Rachida Dati à Paris le 5 février 2025. LUDOVIC MARIN / AFP
Paris et les Parisiens lui tendent les bras, pense-t-elle. Rafler la capitale est son rêve. Son dernier combat politique, peut-être. En 2020, Rachida Dati avait échoué à remporter les élections municipales à Paris, largement devancée par Anne Hidalgo. Sa rivale socialiste désormais hors jeu, la ministre de la culture et maire Les Républicains (LR) du 7e arrondissement croit en son destin, imaginant capitaliser sur l’usure et parfois la détestation de l’équipe sortante pour gagner en 2026. Rien n’est encore officiel. Mais l’ancienne protégée de Nicolas Sarkozy mène campagne en coulisse.
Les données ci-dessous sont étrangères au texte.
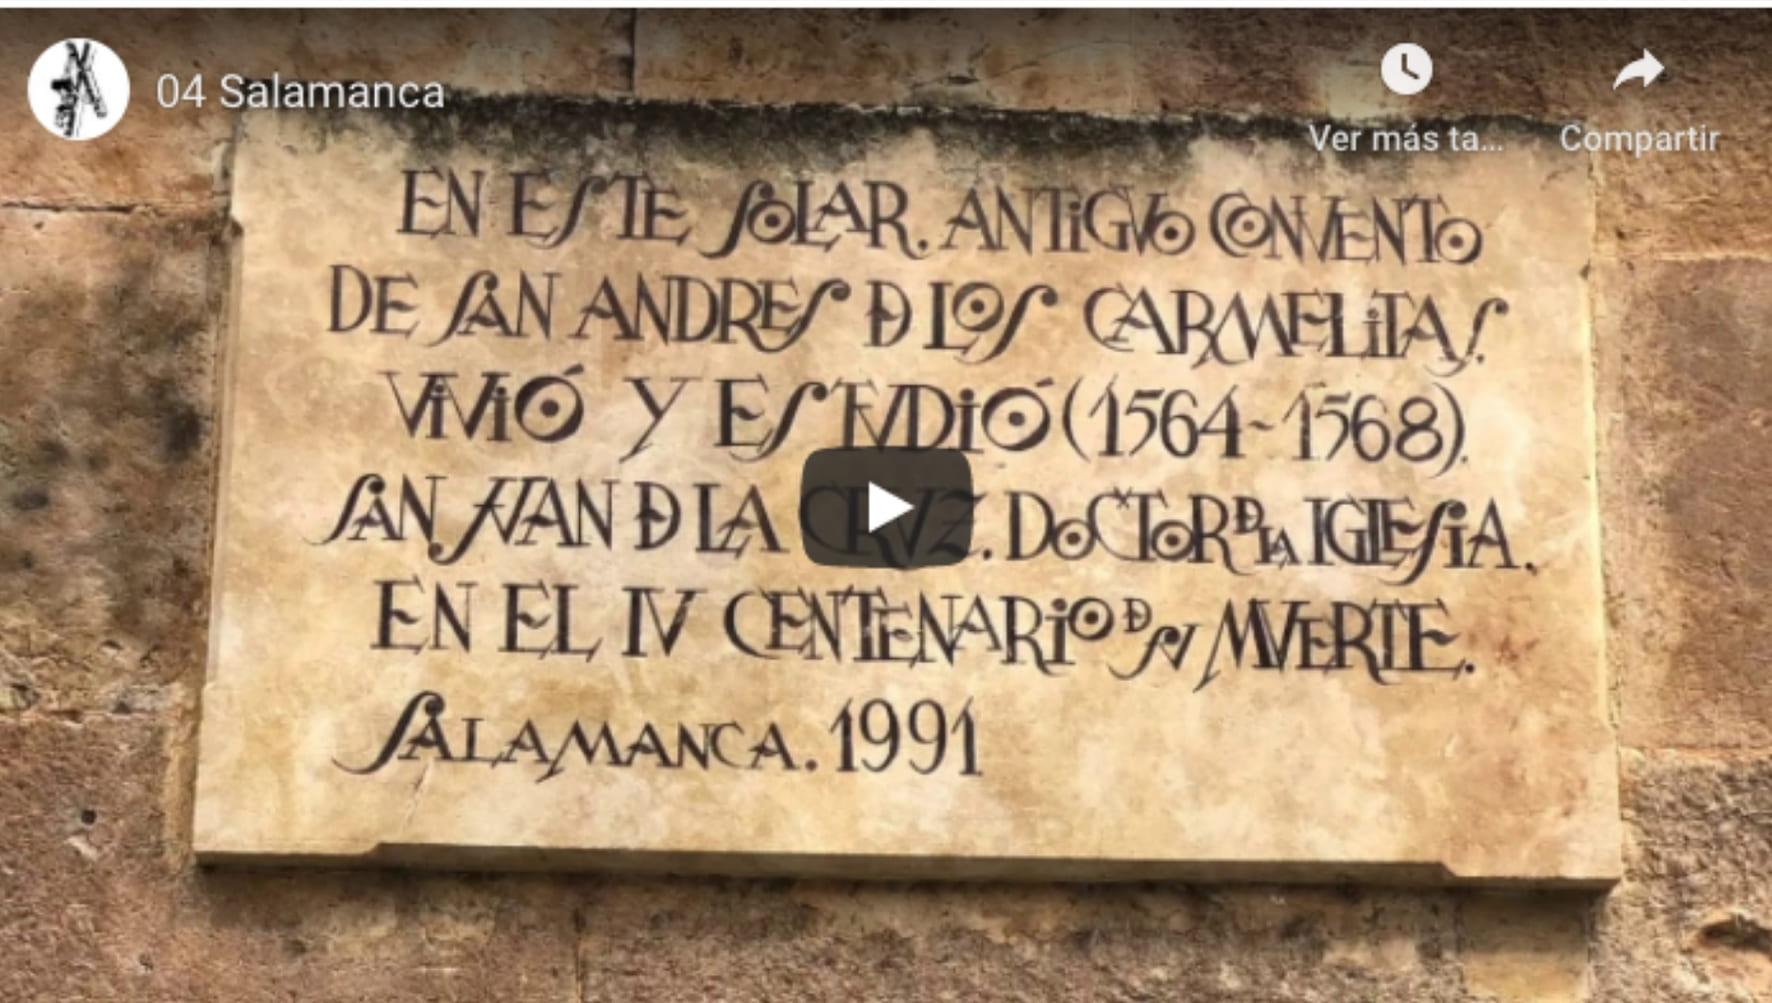 4. Salamanca

Ses talons aiguilles troqués pour des mocassins chics, celle qui met systématiquement en avant ses origines modestes dénonce les rats et les travaux, s’émeut du crack que la gauche aurait, selon elle, laissé prospérer, et des passes à 5 euros qui, dit-elle, ont cours dans le quartier Marx-Dormoy, dans le 18e arrondissement. L’ancienne garde des sceaux assume de surfer sur la vague « anti-Hidalgo » et promet à ceux qui l’entendent qu’elle refera de Paris un écrin. « Je vais dire aux gens : “Vous êtes content de ce qu’il y a en bas de chez vous ? Non ? Alors votez pour moi !” »,confie-t-elle fin avril à un élu parisien.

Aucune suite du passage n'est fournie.